Euro Rally Loses Steam as Risk Appetite Dissipates During US Trading Session
The euro rallied on Sunday, only to retrace the move and end Monday lower as a brief pick up in risk appetite – as evidenced by a jump in US stock market futures during the European trading session – was followed by a reversal lower. There was little in the way of European news on hand, but a speech by European Central Bank President Jean-Claude Trichet did suggest that they will become more instrumental in financial regulation, as Trichet said that the financial crisis was a “loud and clear call to extend regulation and oversight to all systemically important institutions,” such as hedge funds, credit rating agencies, and the OTC derivatives market.. Looking ahead to Tuesday at 4:00 ET, the IFO index of German business confidence is forecasted to show broadly weak sentiment on the business climate (steady at 83.0, just above the record low of 82.7), current economic conditions (down to a nearly 6-year low of 84.9 from 86.8), and the outlook for growth (up to 81.1 from the December record low of 76.9). As we saw with the February 17 release of the German ZEW survey, investor confidence on the economic outlook has improved somewhat, but sentiment on current conditions continues to falter. The release of this indicator tends to be a short term market-mover for the euro, though traders shouldn’t look for follow-through during the rest of the day.
British Pound Ends Day Slightly Higher as UK’s Darling Orders Northern Rock to Lend
The British pound pulled back against the greenback after testing 1.4650 during European trading, but ultimately managed to end the day up slightly from Friday. In UK news, Chancellor of the Exchequer Alistair Darling ordered Northern Rock, which was nationalized last year, to expand lending by 14 billion pounds in order to fill a “gap” left by withdrawals by foreign-based banks. The move is meant to increase the availability of mortgages, as the credit crisis led to financial institutions holding on to as much cash as possible as fears about counterparty risks intensified. The release of the British Bankers’ Association’s (BBA) measure of mortgage lending on Tuesday morning may highlight the persistent tightness in the consumer credit markets, as mortgage approvals are likely to remains near 16-year lows.

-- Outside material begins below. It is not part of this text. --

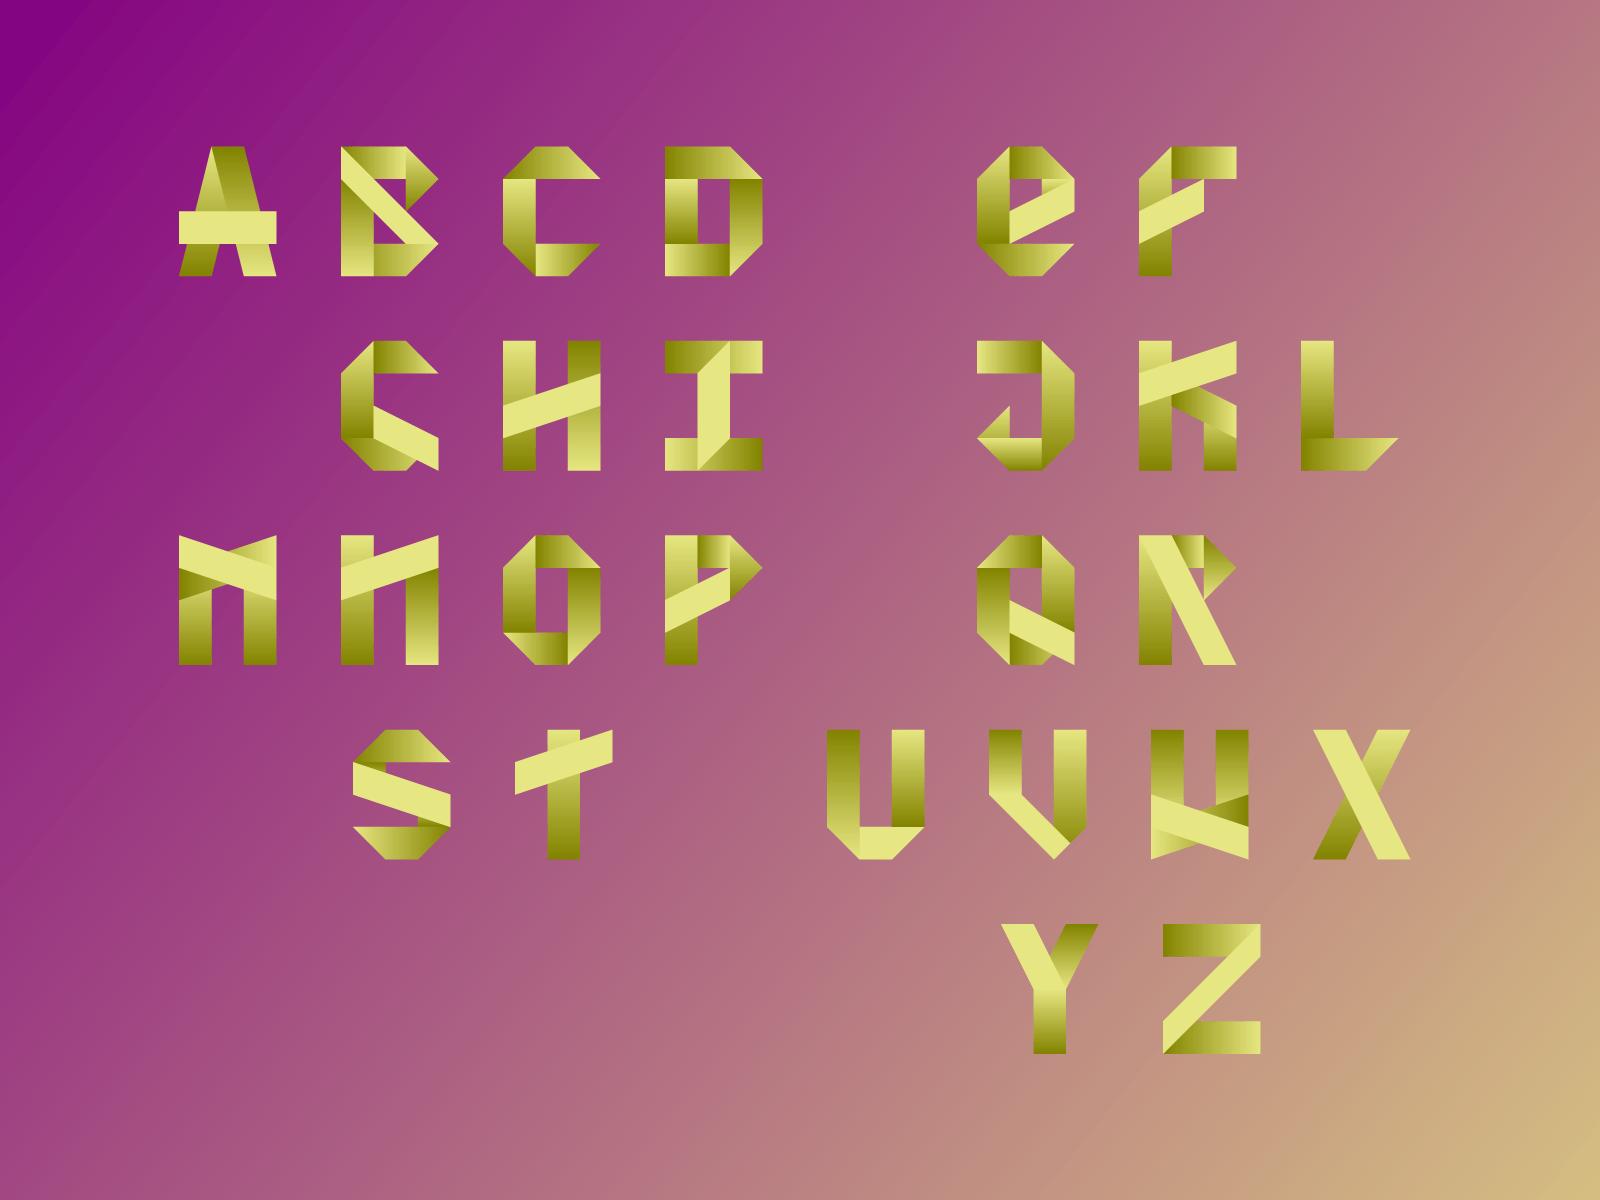 0c54cb0668c8aa86bf626215235908b4
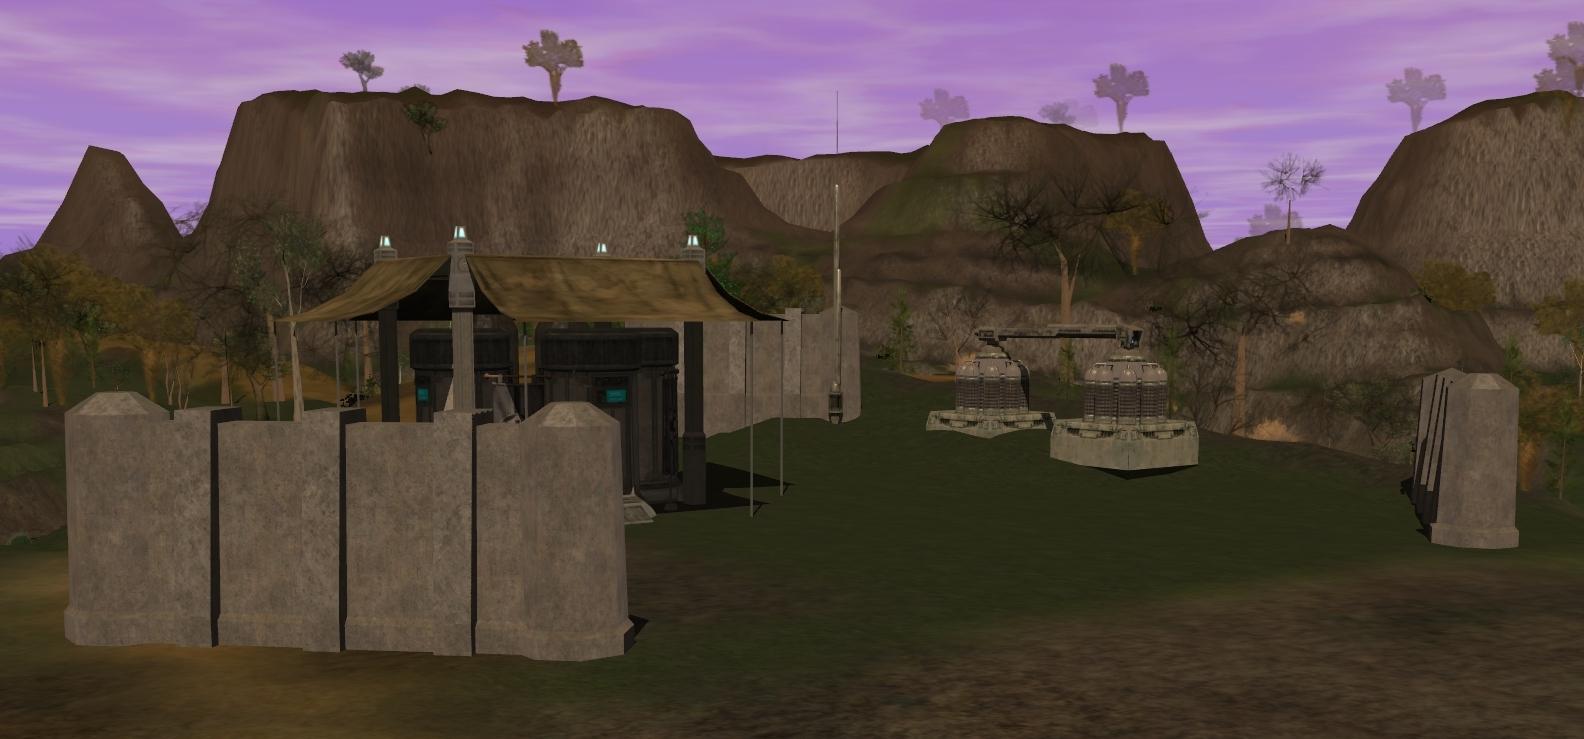 Imperial Forward Base Camp (Talus)

Canadian Dollar Slumps Lower as Retail Sales Fall by Most Since 1991
The Canadian dollar fell versus the greenback on Monday as data showed that Canadian consumer spending plunged by the most since 1991. Indeed, Statistics Canada reported that retail sales fell for the third straight month at a rate of 5.4 percent, which was far worse than expectations for a 2.7 percent decline, as job losses continue to climb and the economy encounters its first recession in 17 years. As we discussed last week, cheaper oil has extremely negative repercussions for the Canadian economy as a whole. Combined with last Friday’s inflation data, which showed that the annual rate of CPI growth tumbled to a 2-year low of 1.1 percent in January, the odds remain in favor of further rate cuts by the Bank of Canada, even though interest rates are already at a record low of 1 percent.
Terri Belkas is a Currency Strategist at FXCM.